Mr. Walters reports, “Klein said last week that even if Stockton makes deals with all its creditors, he may still declare pension debts to be at risk, implying that he wants appellate courts to end the uncertainty.”
He invited parties in the bankruptcy case to “straighten me out before I make some dramatic boneheaded mistake” about the status of pensions, however, Mr. Walters writes, he “left no doubt that he was leaning in that direction.”
He argues, “Klein’s remarks provide a pathway to settling the issue without visiting more pain on Stockton’s current and future pensioners, who already have seen cutbacks in their health care. If all creditors agree, Stockton’s bankruptcy could end amicably, but with a pension ruling that CalPERS would certainly take to the appellate courts to prevent its being an immediate precedent.”
He concludes, “Coupled with what happened in Detroit, that process would result in a definitive ruling so that local governments everywhere and their creditors would know the risks of insolvency, rather than fighting them out case by case.”
As a staunch critic of the current pension system, but one sympathetic to defined benefits, I have mixed feelings on this development. A trial court judge is not going to be the final arbiter in this long-running legal question; ultimately the State Supreme Court is going to have to weigh in and possibly the US Supreme Court.

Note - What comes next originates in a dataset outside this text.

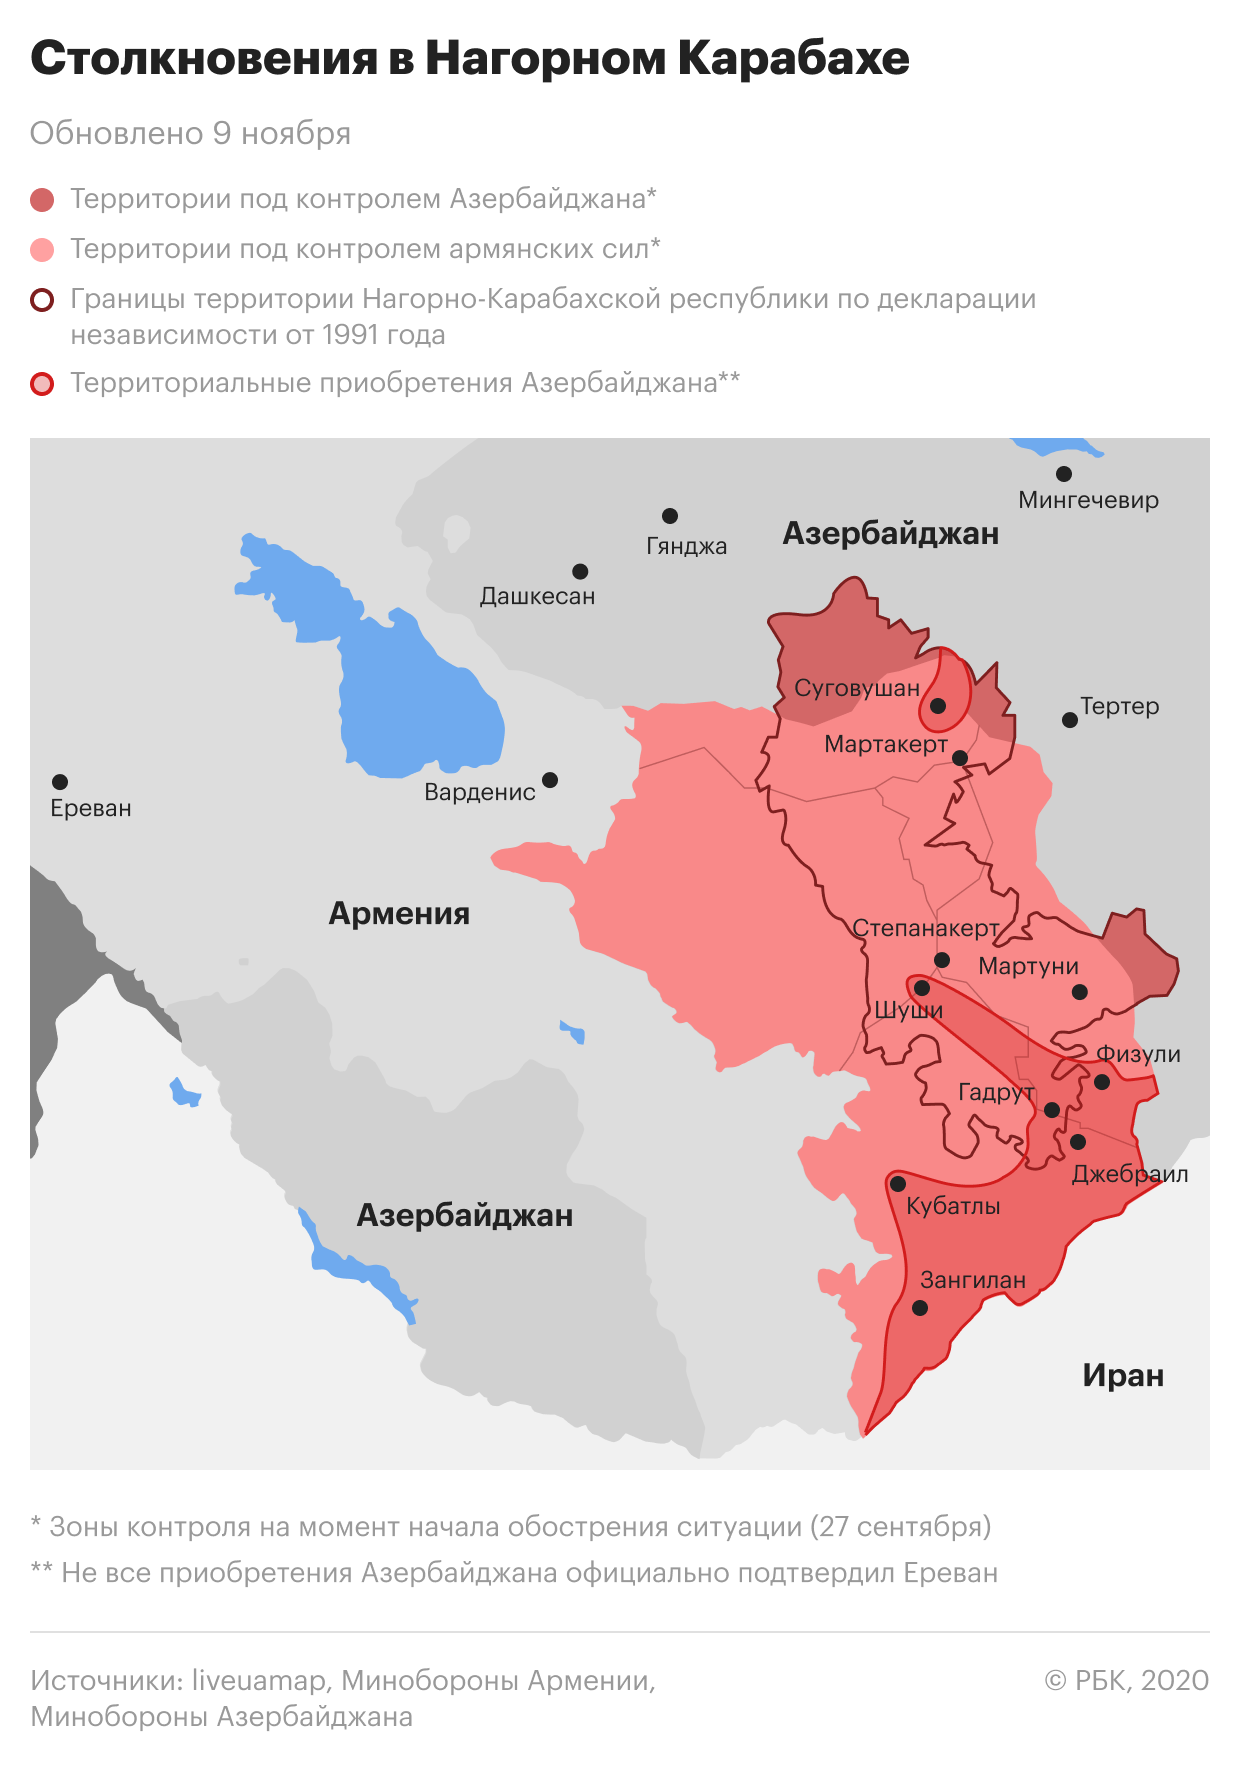 Новые ЮО-Абхазия на Кавказе

This would be a huge setback for CalPERS, which has relied for years on the fact that pensions are vested rights – promises made to employees that cannot be rescinded.
On the other hand, the excesses of the pension system have been obvious for years and, while the state has attempted to reform how pensions are done in the future and the cities like Davis have asked employees to pay for a broader share of their pensions, it has always seemed odd that cities cannot prospectively change pension formulas going forward, even though they could retroactively increase pension formulas going backward.
It makes me recall once again the debate I had with the members of the California Labor Federation.
It was December of 2009. I had been leading the way, pushing for pension reform while speaking out against the local firefighters’ union. It’s probably not the best idea when your wife is a union organizer and you walk in union circles.
What happened next would be a huge wakeup call, at least for me. My former boss, when I worked in Sacramento, asked me if I would meet with some representatives from the California Labor Federation, as they had some concerns with my writing. My policy was and is that I’ll talk to anyone, and so, across the street from the Capitol Building, I met with what turned out to be two representatives from the California Labor Federation.
It quickly became clear that this was not going to be a discussion. My view then, as it is now, is that there is a world of difference between fighting for the rights of people making less than $30,000 a year and protecting the salaries of those making $150,000 to $200,000 in total compensation. If we do not figure out how to rein in those salaries and create a working pension reform, we will have the Proposition 13 of pension reforms rain down on us.
They did not see it that way. They gave me slogans like “united we stand, divided we fall.” They told me that without the firefighters in 2005 on the labor lines, the governor’s reform package might have been approved.
But back in 2009, I warned these leaders that if reforms did not come, we would likely see a Prop 13 of pension reforms. While I think pensions have become excessive, I still support the concept of defined benefits.
They have managed to get only a modest measure by Governor Brown and to avoid more draconian measures such as the proposals from the Democratic Mayor of San Jose, Chuck Reed. But the time is coming and the writing is on the wall.
If a court ruling from Stockton becomes the law of the land, the game will change. Then the question will become under what conditions employers can change pensions going forward.